First off, I am not sure what the model number is. There is a sticker on it that says 52061 but that is not a valid model number. There is no plate that has the model/serial number.
Therefore. I cannot locate a manual for it.
I cannot locate the oil dipstick. There is an oil filler cap on the top but no stick attached to it.
Any help locating a manual or the dipstick would be appreciated. 
Thanks


----------



## Tony P. (Jan 9, 2017)

It's possible you have a Craftsman C950-52060-1. Look at a parts list. I suspect the dipstick may have broken off the filler cap.


----------



## bhumeny (Jan 9, 2022)

I have attached a picture of the snow blower.


----------



## bhumeny (Jan 9, 2022)

Unfortunately, C950-52060-1 is not the correct model number. I also checked all of the C950-xxxxx manuals but none are a match.
Very strange.
Bill


----------



## Grunt (Nov 11, 2013)

Welcome to SBF. That machine LOOKS like a Poulan Pro 621es which is\was made by Husqvarna. If so---here is a link to the owners manual.
Poulan Pro PR621ES SNOW THROWER User Manual | 28 pages (manualsdir.com)

OR- just found

520610.pdf - Google Drive


----------



## Big Ed (Feb 10, 2013)

bhumeny said:


> Unfortunately, C950-52060-1 is not the correct model number.
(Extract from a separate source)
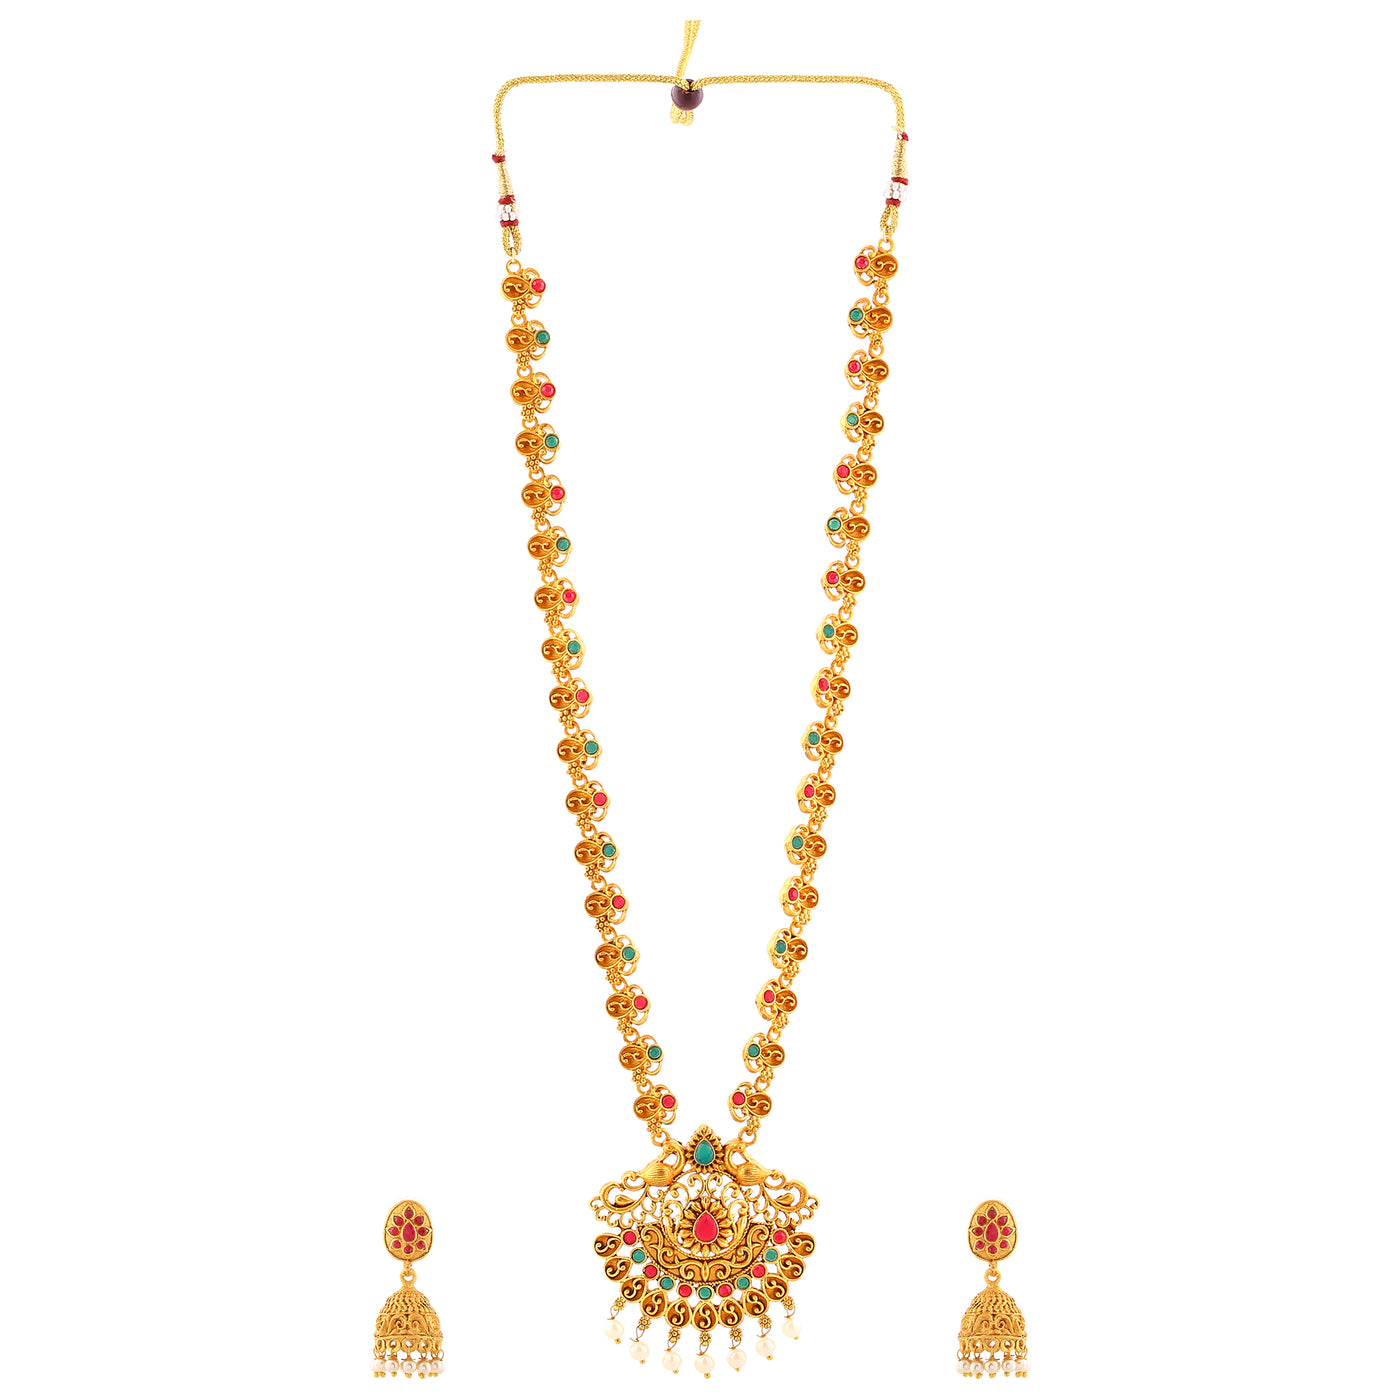 Estele Gold Plated Stunning Peacock Designer Necklace Set with Crystals for Women

I also checked all of the C950-xxxxx manuals but none are a match.
> Very strange.
> Bill


Looks like it is on the cap.
Either fell into the filler hole or is on the ground somewhere.
Buy another?


----------



## bhumeny (Jan 9, 2022)

Thanks for everyone’s responses. It looks like Grunt nailed it. I am wondering how he was able to find it and I wasn’t. I thought I was pretty good at this stuff, but looks like Grunt is better!
Thanks
Bill


----------



## bhumeny (Jan 9, 2022)

Now, does anyone know where I can get parts from?
Should I try Poulan?
Thanks


----------



## Grunt (Nov 11, 2013)

[QUOTE="bhumeny, post: 1808582, member: 146438" ]Now, does anyone know where I can get parts from?
Should I try Poulan?Thanks[/QUOTE]

Hello Bill. I found the manual here-
Sears Parts Diagrams - PartsBay.ca

I tried entering the paddle part number on ebay, and came up with a blank. I "think" the Craftsman and Poulan were\are made by Husqvarna.

UPDATE-
looks like you can use the Poulan model 621ES for parts.
Poulan Pro PR 621 ES (961820004-02) - Poulan Pro Snow Thrower (2012-06) Parts Lookup with Diagrams | PartsTree


----------